> Exercise
Verbatim output of the lines below is required, with the images omitted.

> Material provided
================================

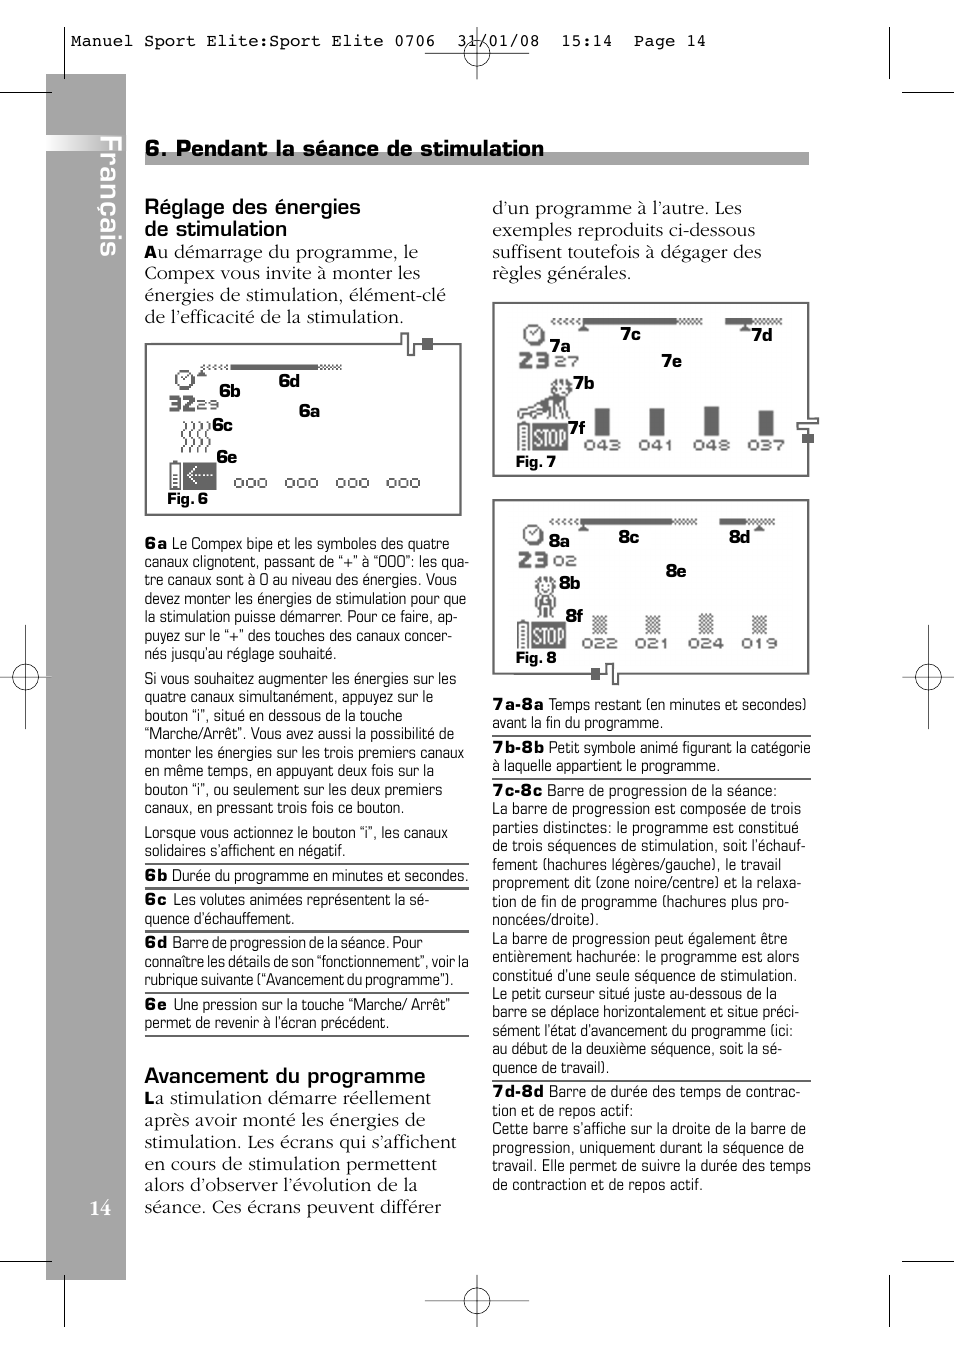 Français, Pendant la séance de stimulation | Compex Sport Elite User Manual  | Page 14 / 320 | Original mode
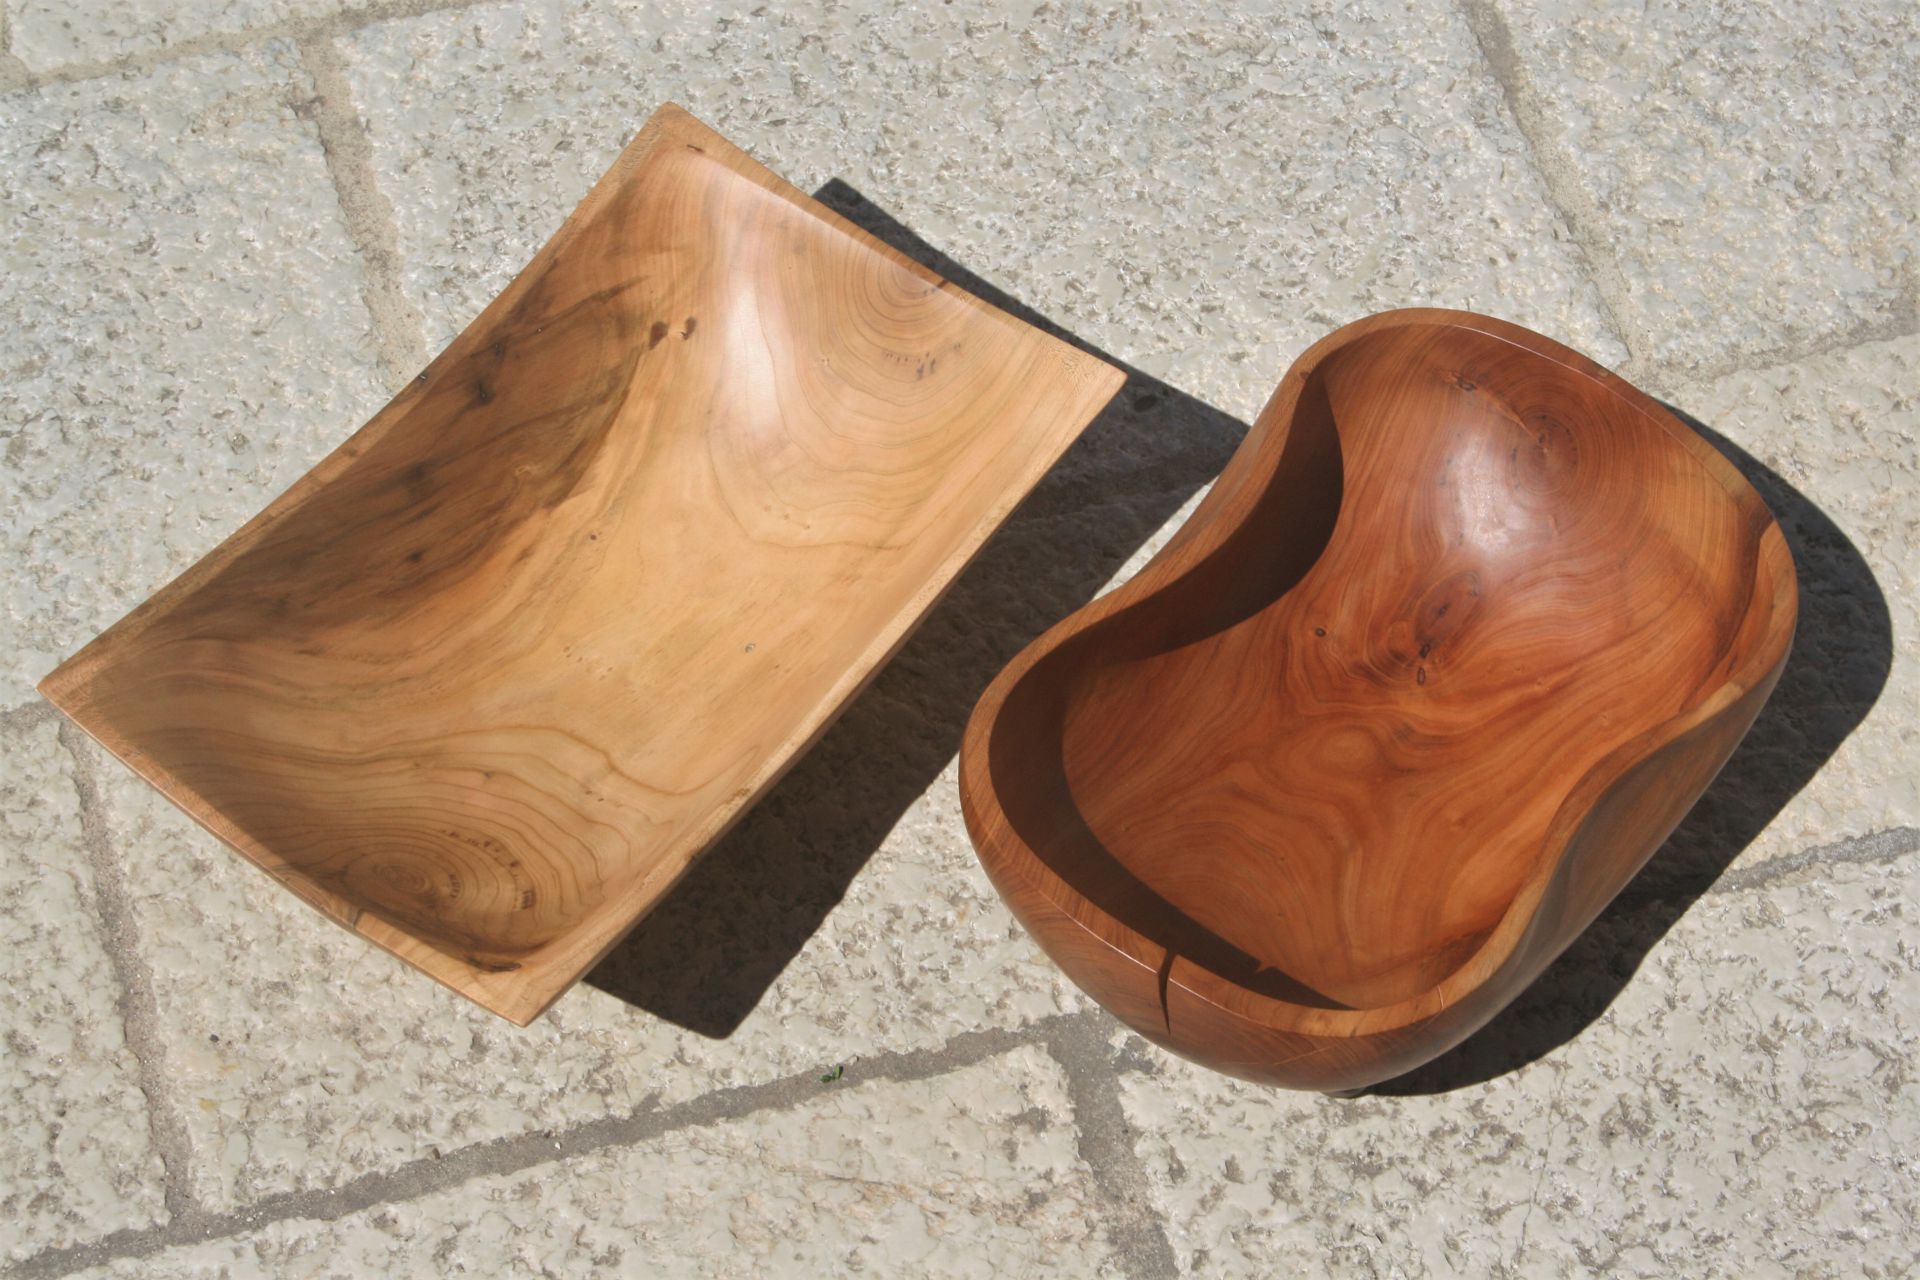 apricot wood bowls color change unique handmade sanisio artist design home detail
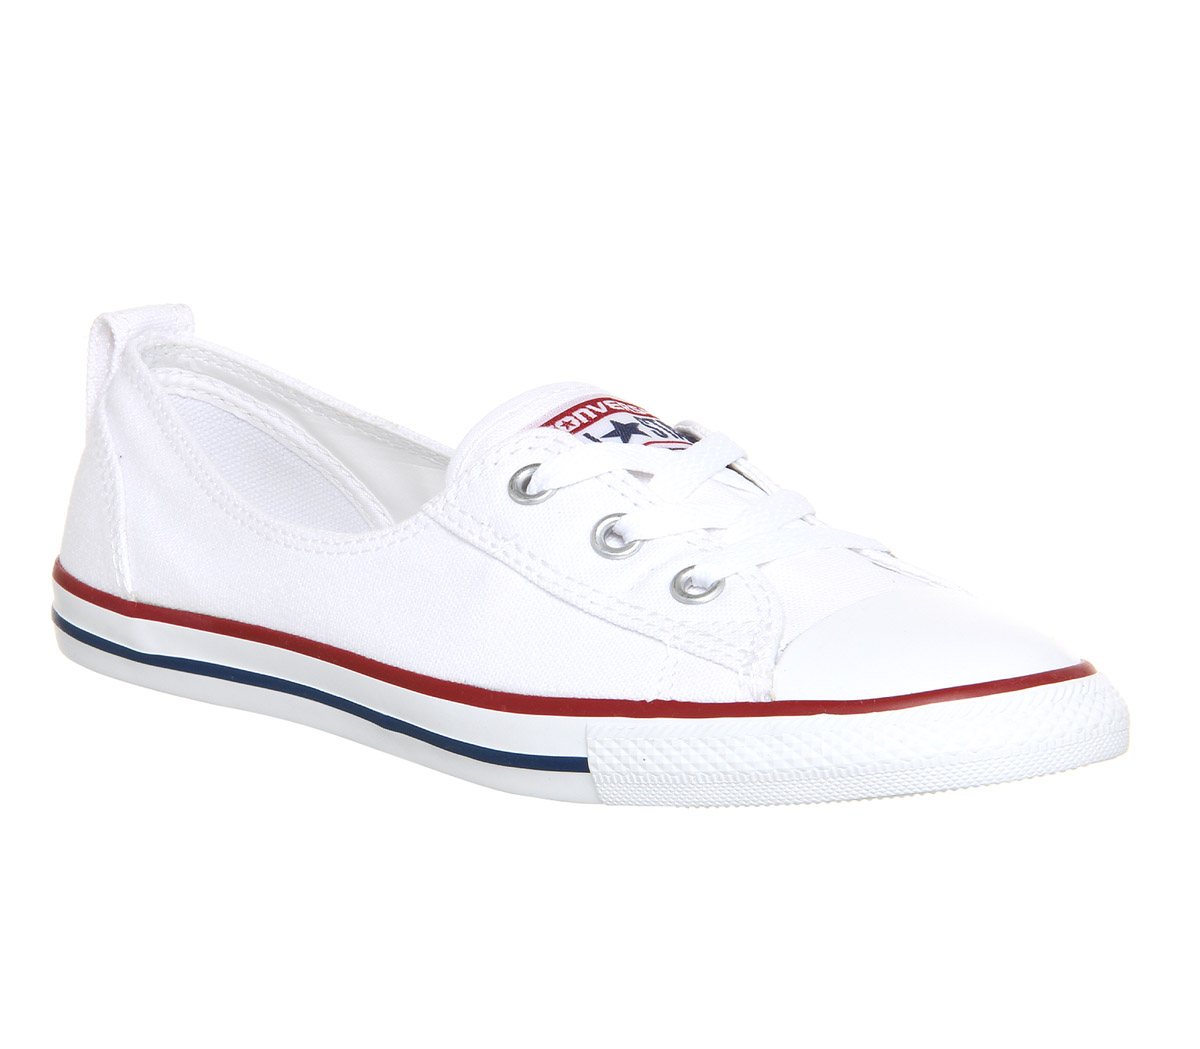 white converse junior size 5.5

================================

> Task result
 Français, Pendant la séance de stimulation | Compex Sport Elite User Manual  | Page 14 / 320 | Original mode
 apricot wood bowls color change unique handmade sanisio artist design home detail
 white converse junior size 5.5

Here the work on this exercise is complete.